*Exercise goal:*
Return all of the data that follows precisely, leaving every image out.
**** Data provided ****
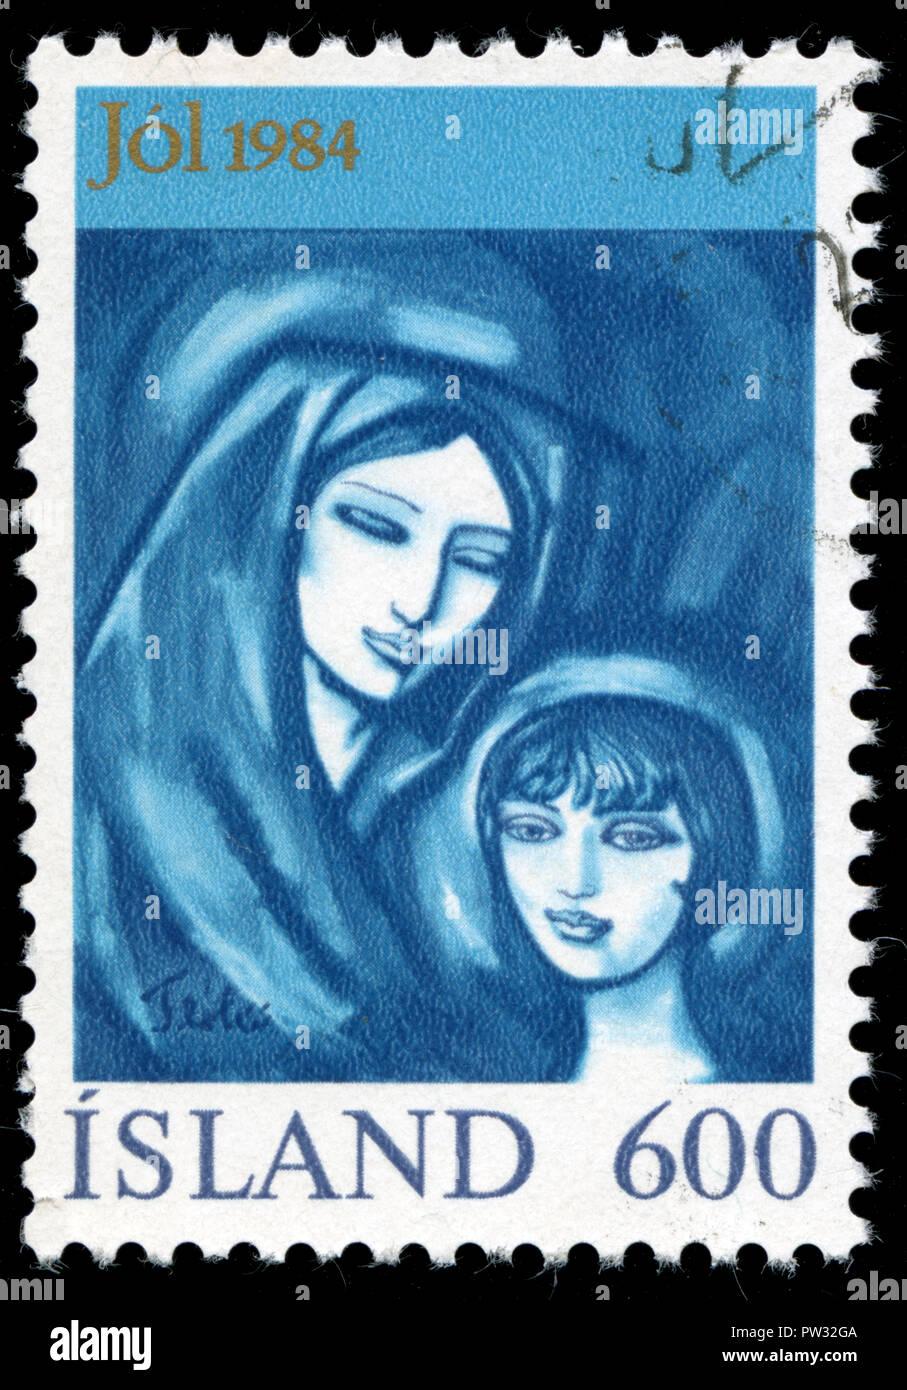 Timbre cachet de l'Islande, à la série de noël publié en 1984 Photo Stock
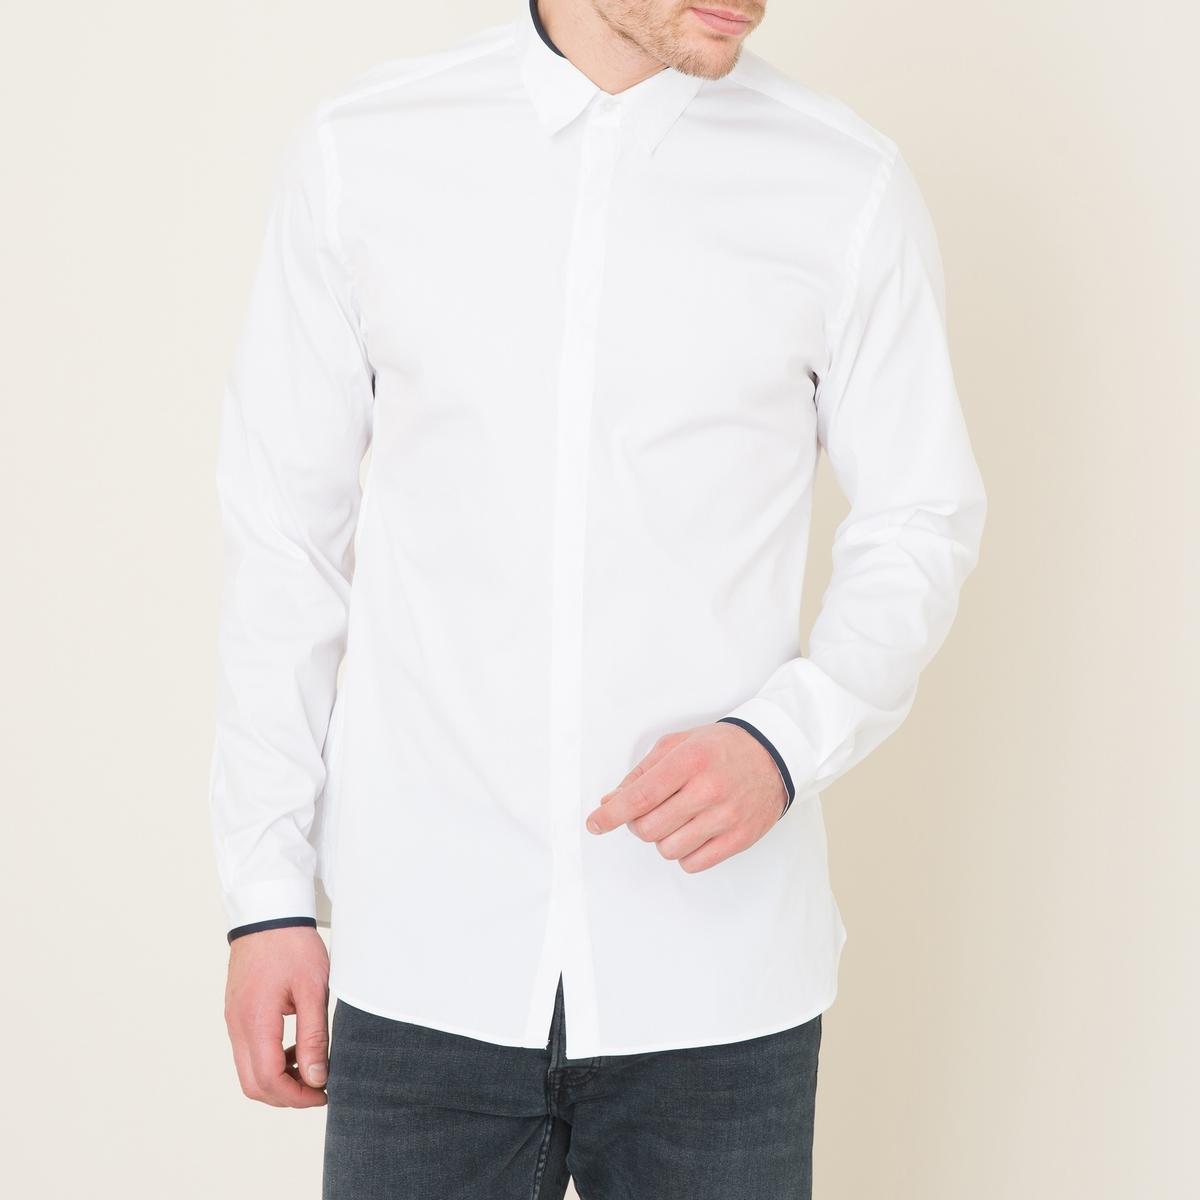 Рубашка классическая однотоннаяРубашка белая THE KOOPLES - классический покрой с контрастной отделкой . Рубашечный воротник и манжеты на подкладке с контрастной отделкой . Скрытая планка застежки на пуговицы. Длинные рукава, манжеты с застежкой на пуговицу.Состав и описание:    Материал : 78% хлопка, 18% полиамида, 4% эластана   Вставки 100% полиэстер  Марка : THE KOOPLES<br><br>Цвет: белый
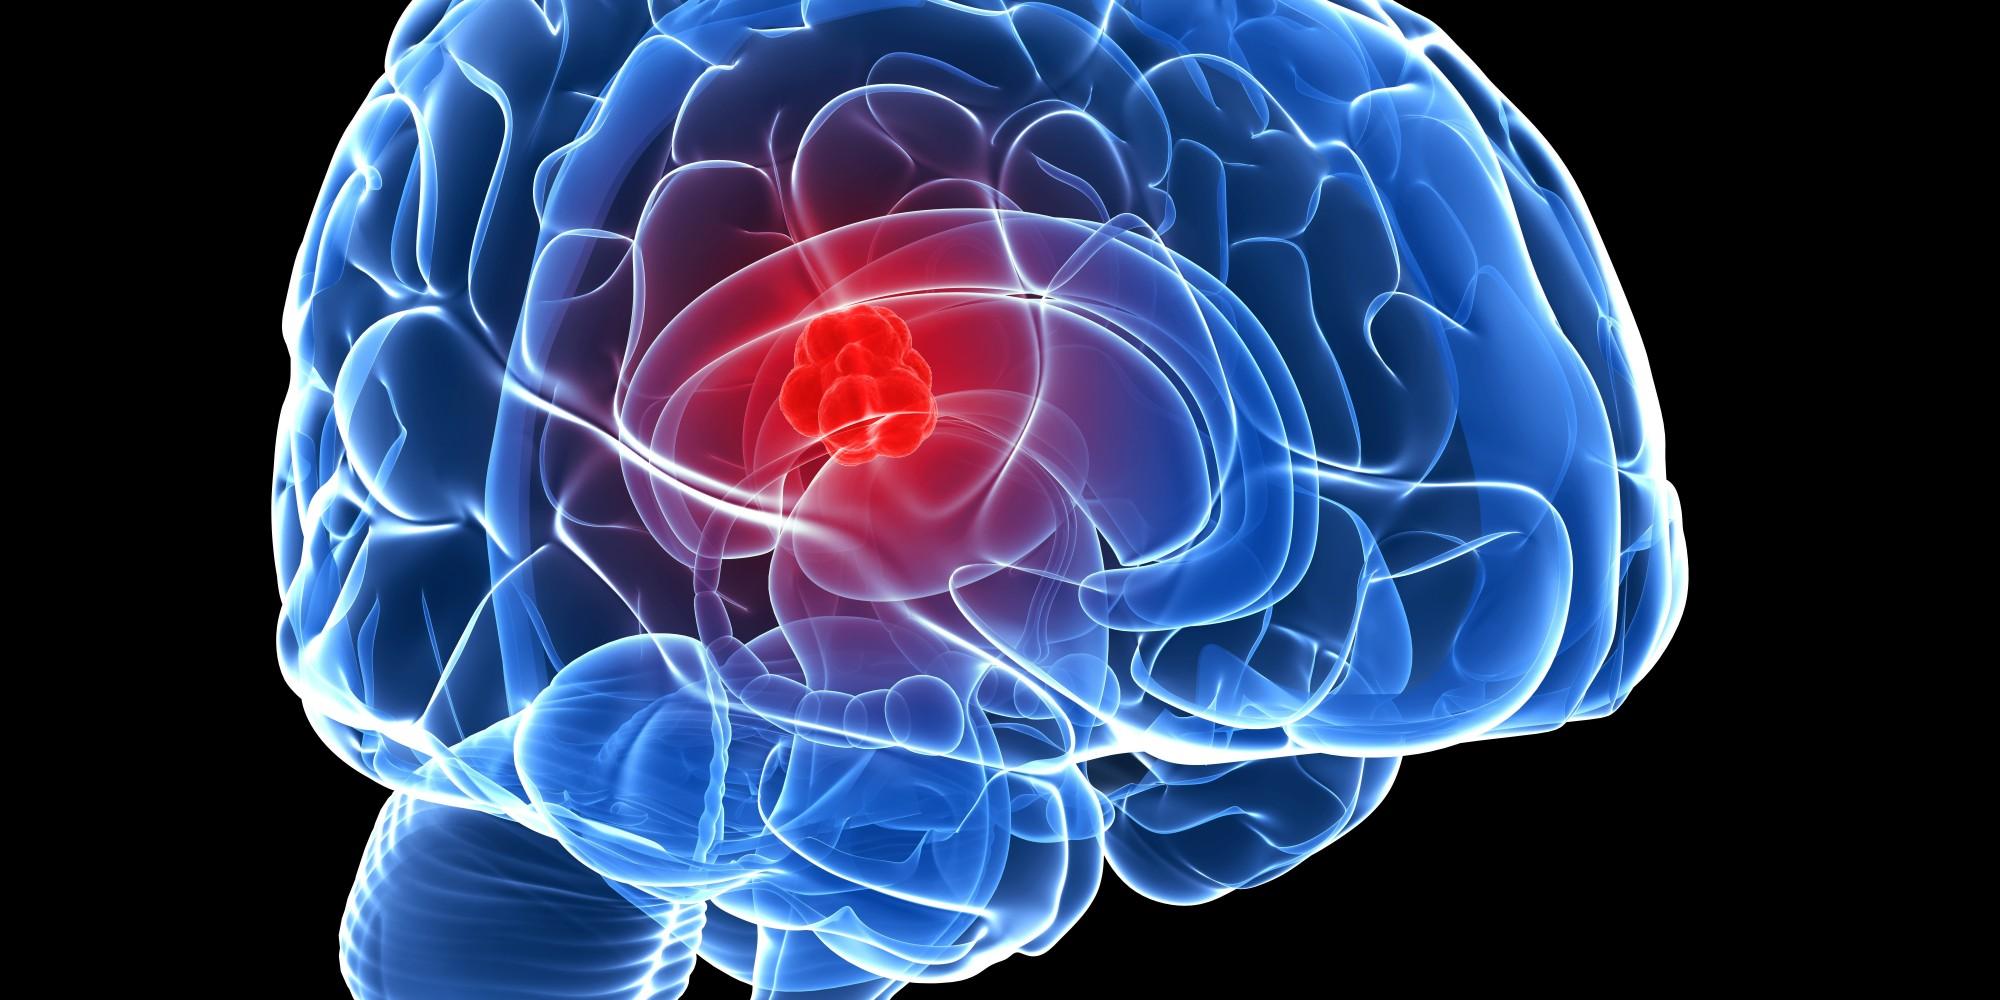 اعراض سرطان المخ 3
****
*The answer:*
 Timbre cachet de l'Islande, à la série de noël publié en 1984 Photo Stock
 Рубашка классическая однотоннаяРубашка белая THE KOOPLES - классический покрой с контрастной отделкой . Рубашечный воротник и манжеты на подкладке с контрастной отделкой . Скрытая планка застежки на пуговицы. Длинные рукава, манжеты с застежкой на пуговицу.Состав и описание:    Материал : 78% хлопка, 18% полиамида, 4% эластана   Вставки 100% полиэстер  Марка : THE KOOPLES<br><br>Цвет: белый
 اعراض سرطان المخ 3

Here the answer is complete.